All this has led to the formulation of certain rules of interpretation of statutes, out of which
harmonious construction is one such significant rule.
Harmonious construction, as the term suggests, when two or more provisions of a statute or
different statutes or of two different legislations are in conflict pertaining to an issue, then this
rule has its application, firstly this rule should be resorted in order to reconcile those provisions
which are in conflict, if it doesnt help the situation then other rules should be resorted which
generally gives an overriding effect.
The doctrine or the rule of harmonious construction is adopted when there is a conflict
between two or more statues or between the parts or provisions of the statues. As per this
doctrine the courts try to avoid conflicts between the provisions of the statutes. The doctrine
follows a very simple rule that every statute has made for a purpose and specific intent as per law
and it should be read as a whole and interpreted accordingly.
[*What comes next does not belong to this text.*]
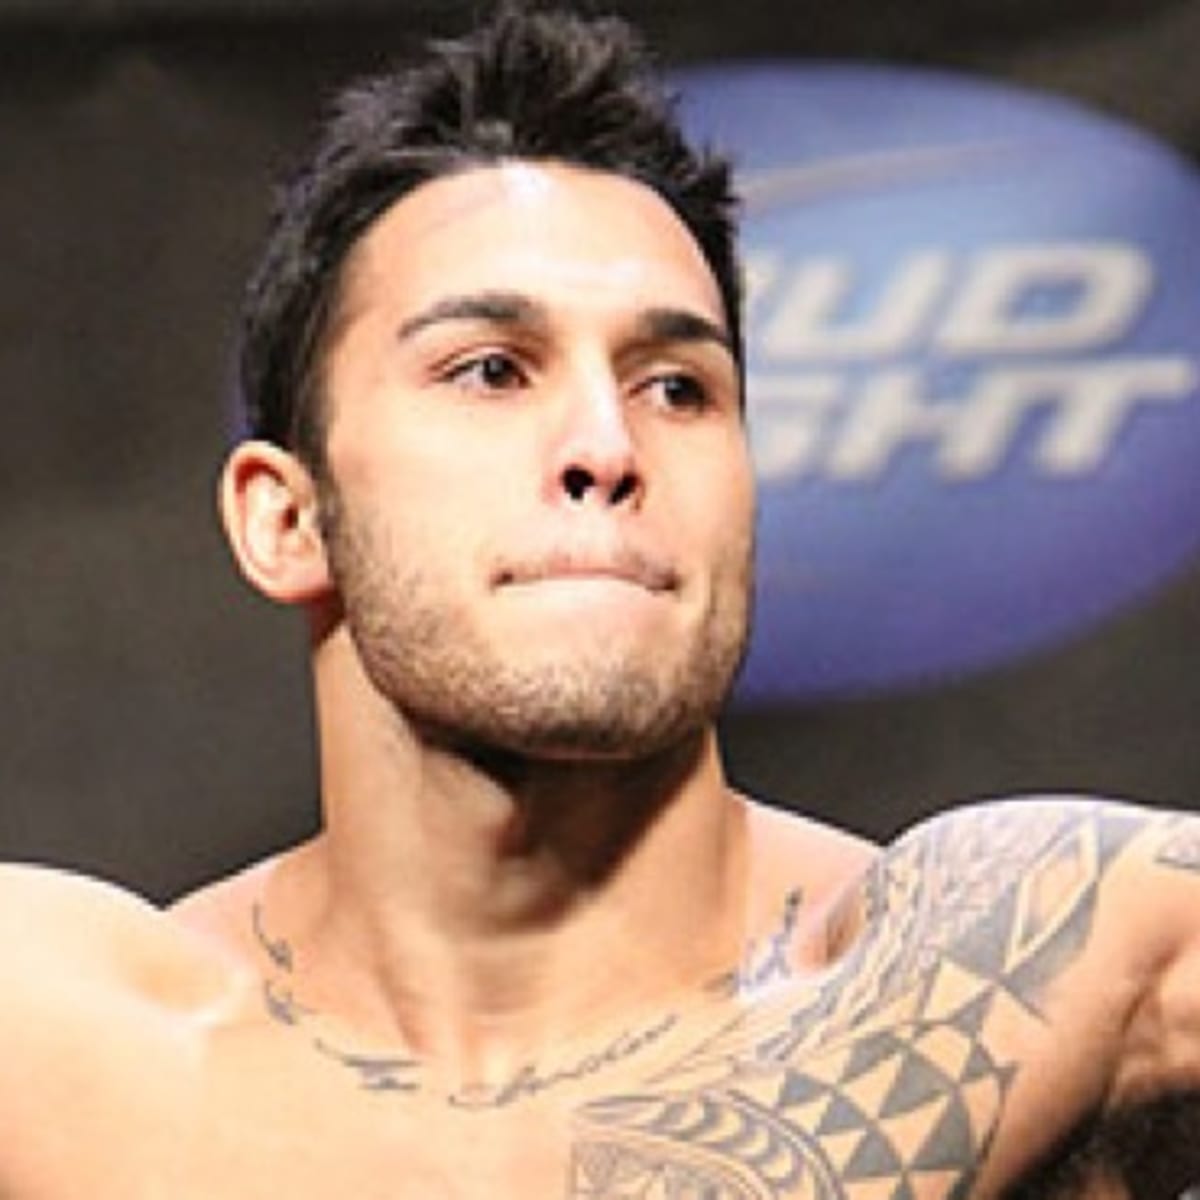 Brad Tavares on X: Just got some work done by @TattoosByBONG hit

Thus the provisions are so
interpreted that the conflict between the two statues or its provisions is avoided and each of them
is given effect. For this purpose, the scope and meaning of one may be restricted so as to give
meaning also to the other. So, The aim of the courts are:-1
i) An interpretation which makes the enactment consistent,
ii) A construction which avoids inconsistency or repugnancy between the various sections or
parts of the statute. However, in the case in which it shall be impossible to harmonize both the
provisions, the courts decision shall prevail.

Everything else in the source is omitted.